- Data segment
_____
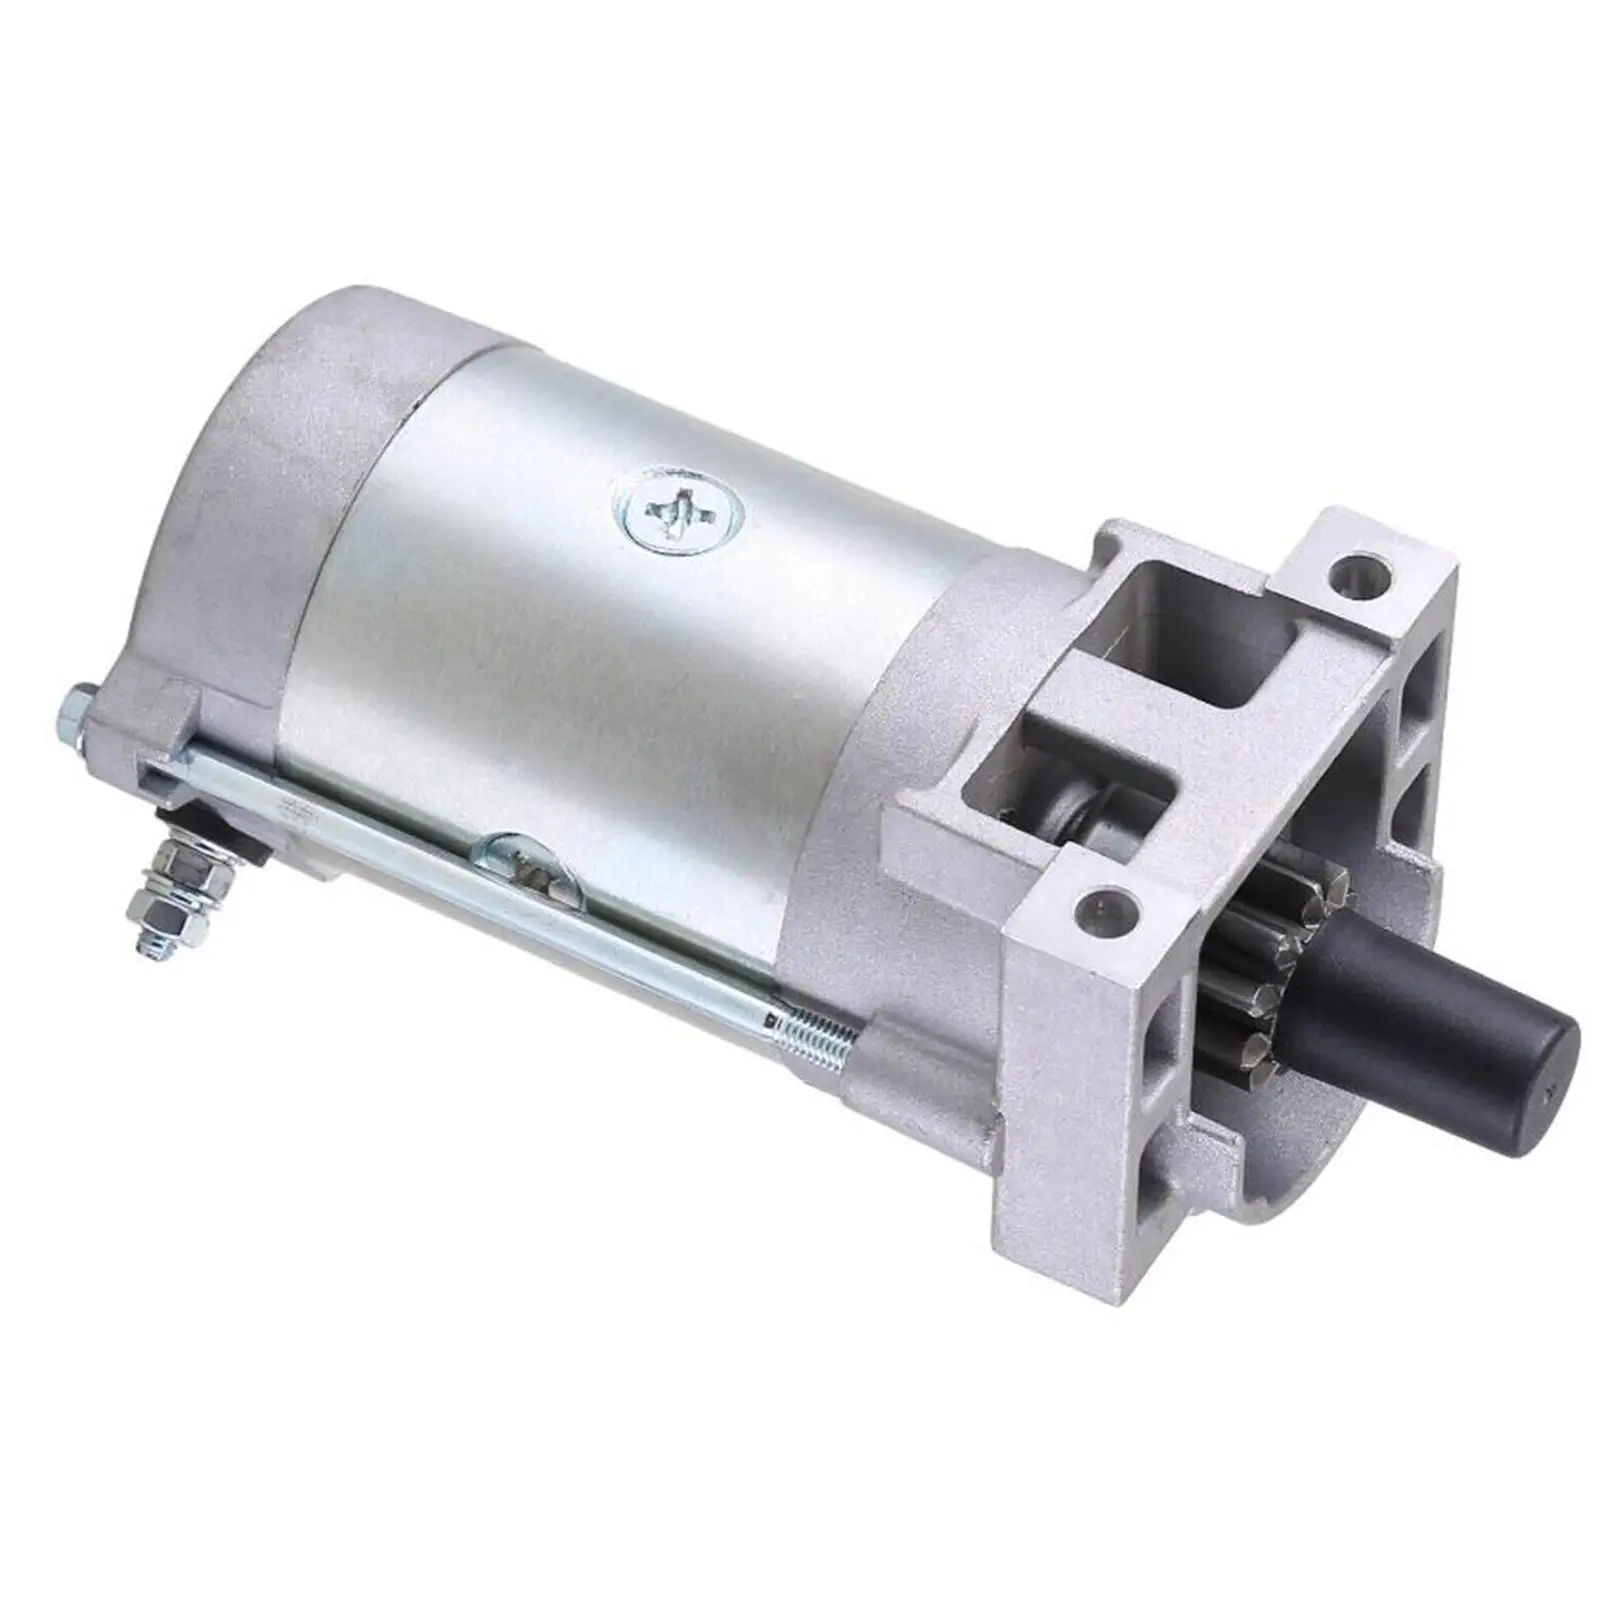 Starter Motor Replaces Accessories Spare Parts Easy to Install Durable Motors Starter Parts 127-9209 133-1564 133-9828 136-7880
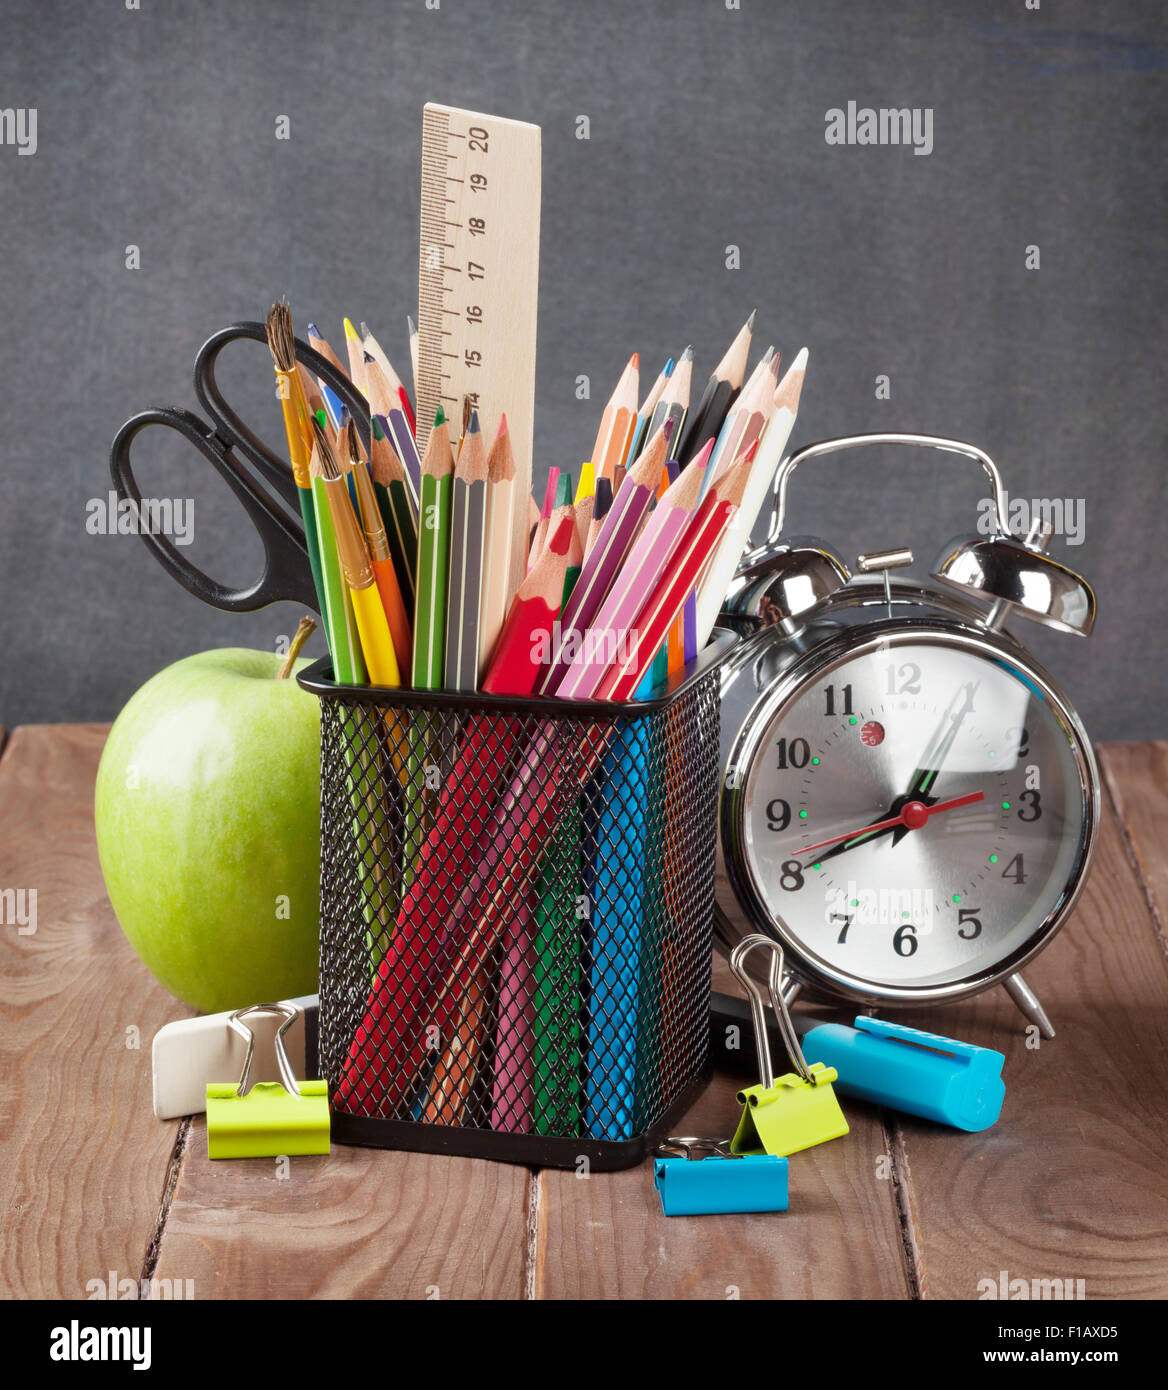 School and office supplies, alarm clock and apple on classroom table Stock Photo
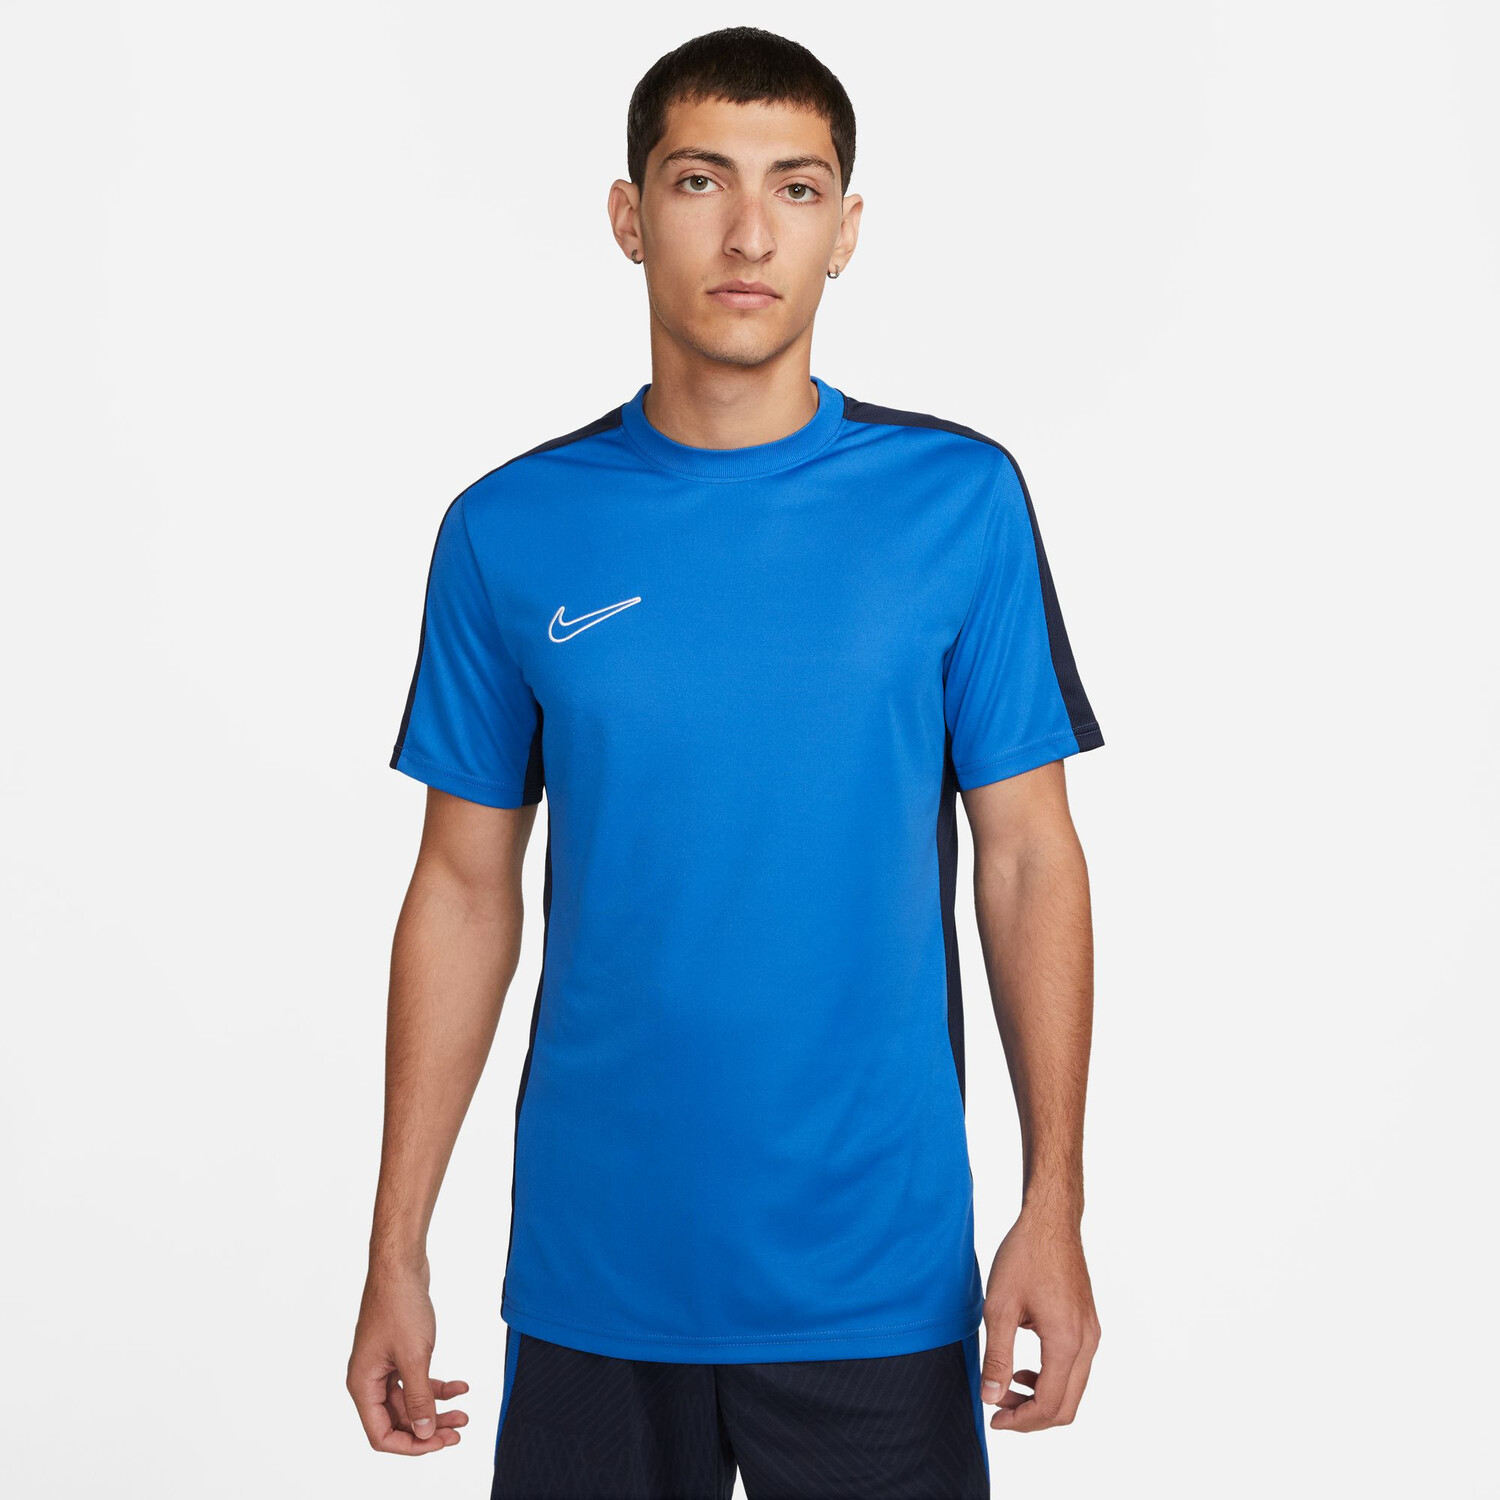 Maillot Nike Dri-FIT Academy - Nike - Maillots - Entraînement
_____
- Task
The answer must be the listing above, restated word for word, with no images in it.

- Task response
 Starter Motor Replaces Accessories Spare Parts Easy to Install Durable Motors Starter Parts 127-9209 133-1564 133-9828 136-7880
 School and office supplies, alarm clock and apple on classroom table Stock Photo
 Maillot Nike Dri-FIT Academy - Nike - Maillots - Entraînement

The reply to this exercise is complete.